PROBLEM STATEMENT: The listing below should be written out word for word, with its pictures removed.

RAW DATA:
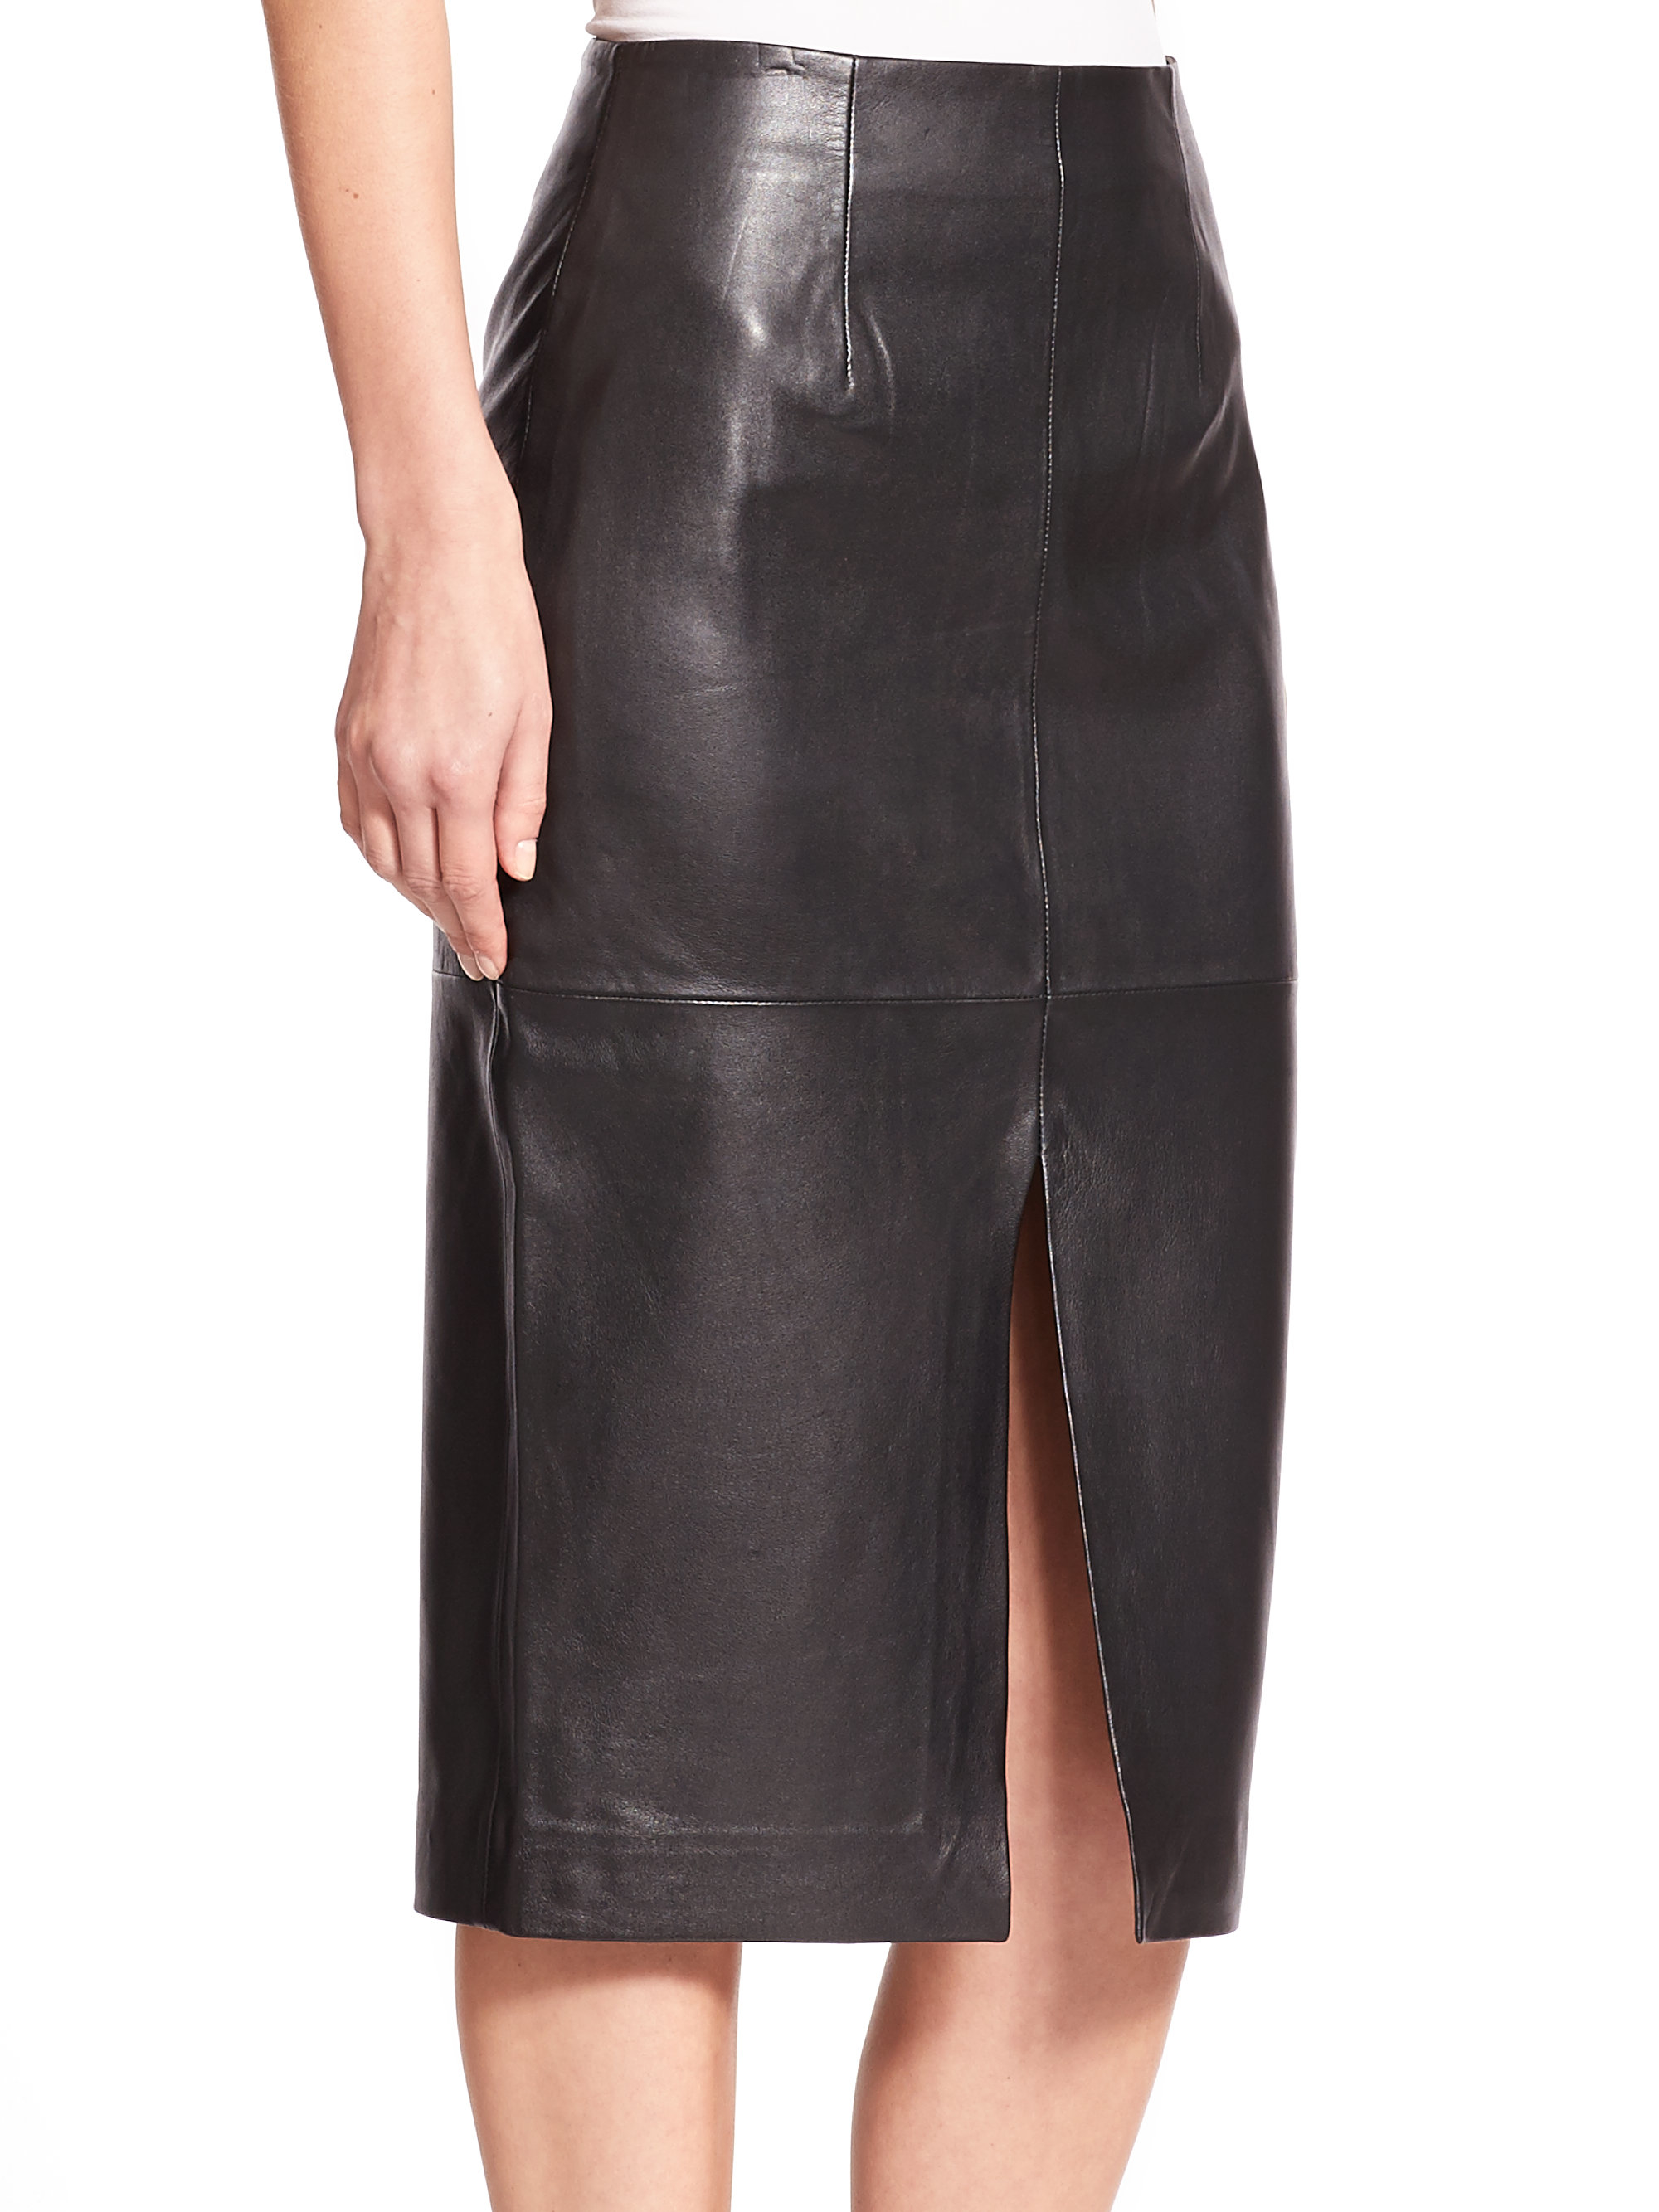 Lyst - Nicholas Leather Slit Pencil Skirt in Black
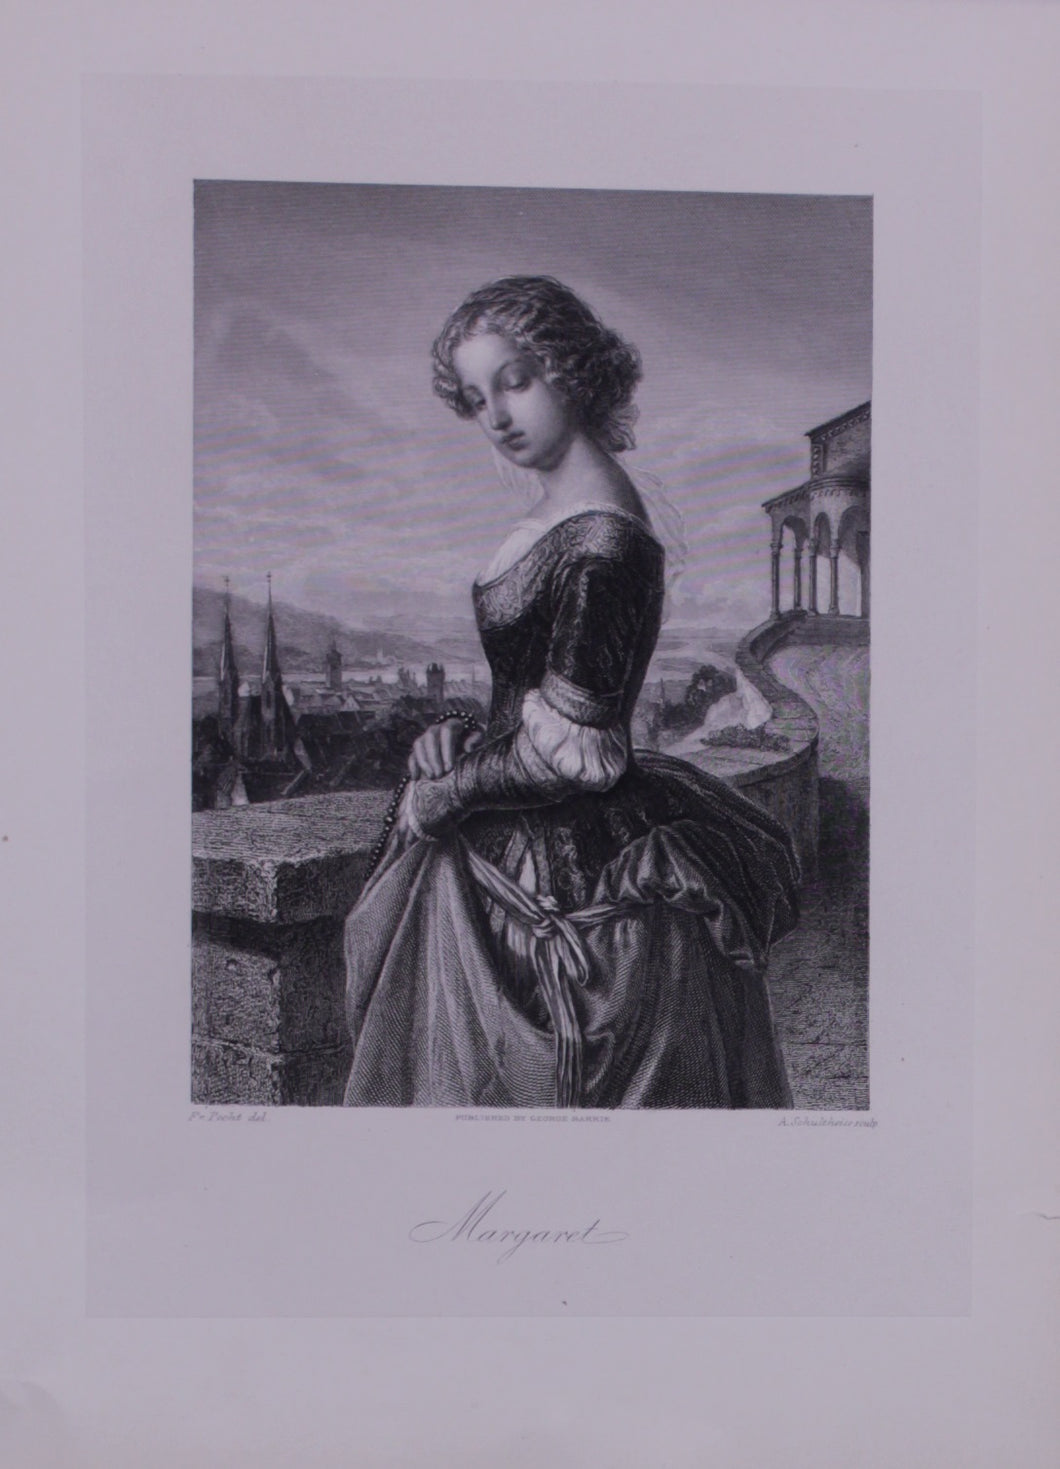 Portraits, Pecht, F, Margaret, c1890
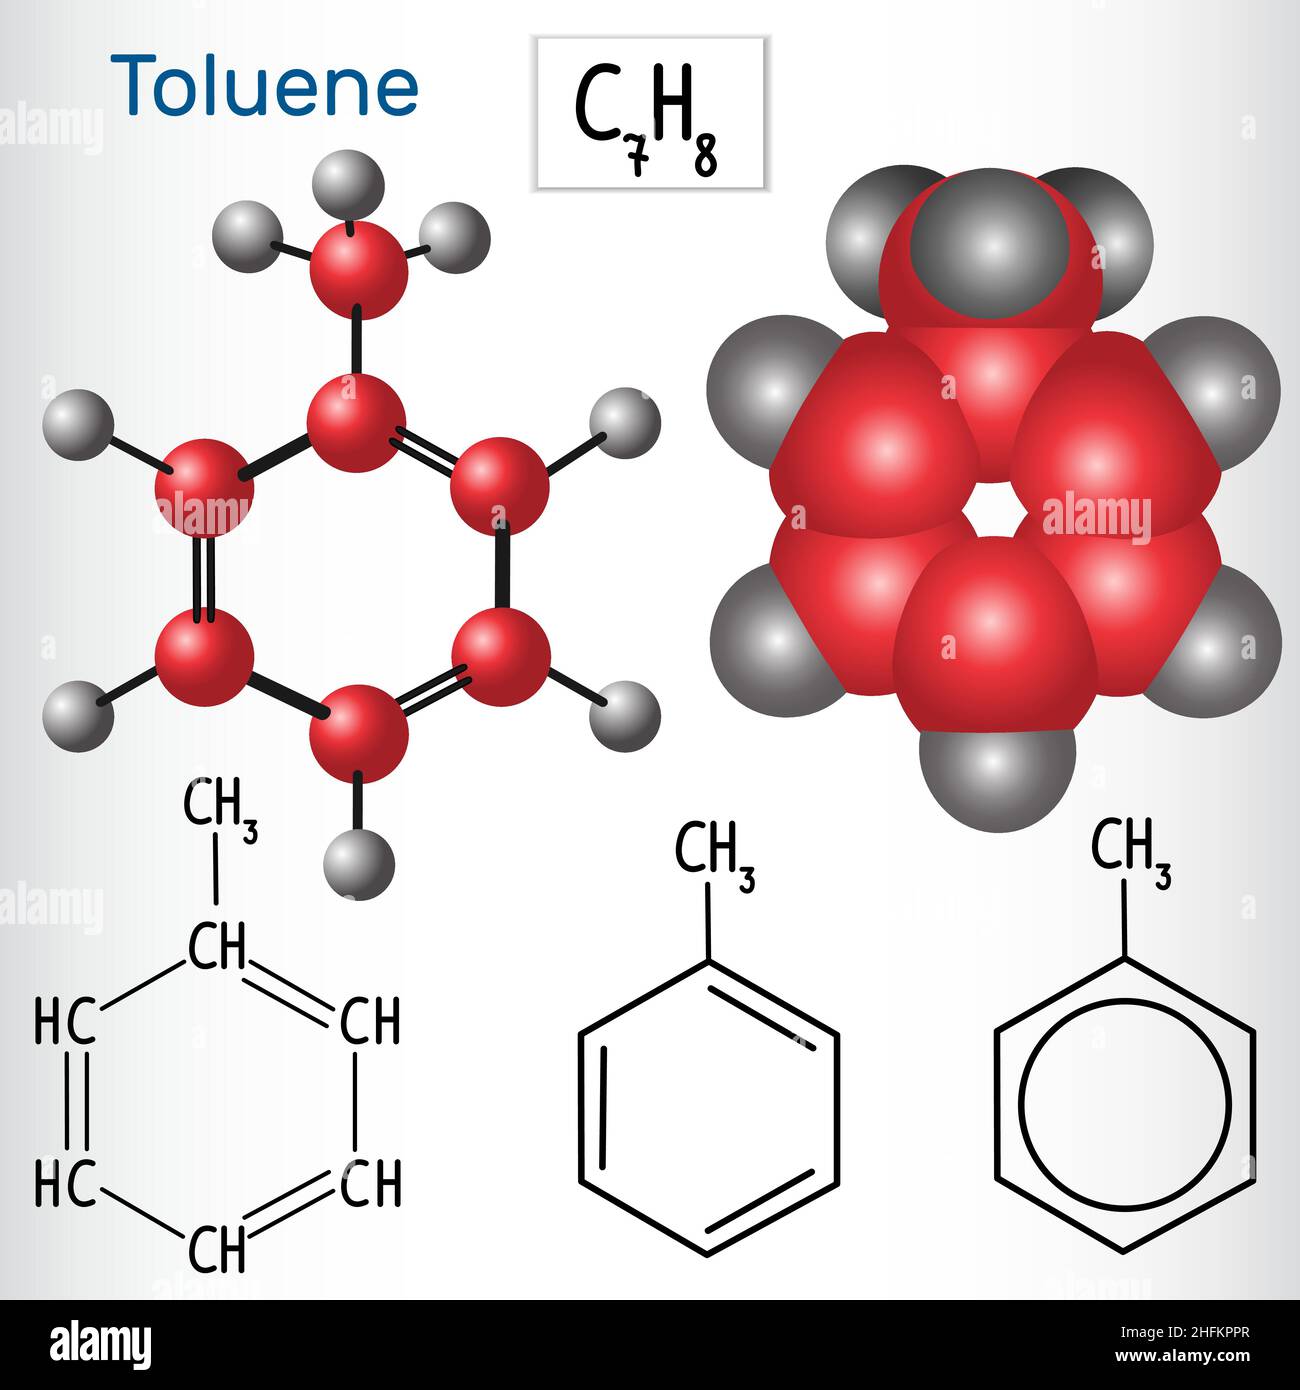 Toluene molecule - structural chemical formula and model. Vector illustration Stock Vector

RESPONSE:
 Lyst - Nicholas Leather Slit Pencil Skirt in Black
 Portraits, Pecht, F, Margaret, c1890
 Toluene molecule - structural chemical formula and model. Vector illustration Stock Vector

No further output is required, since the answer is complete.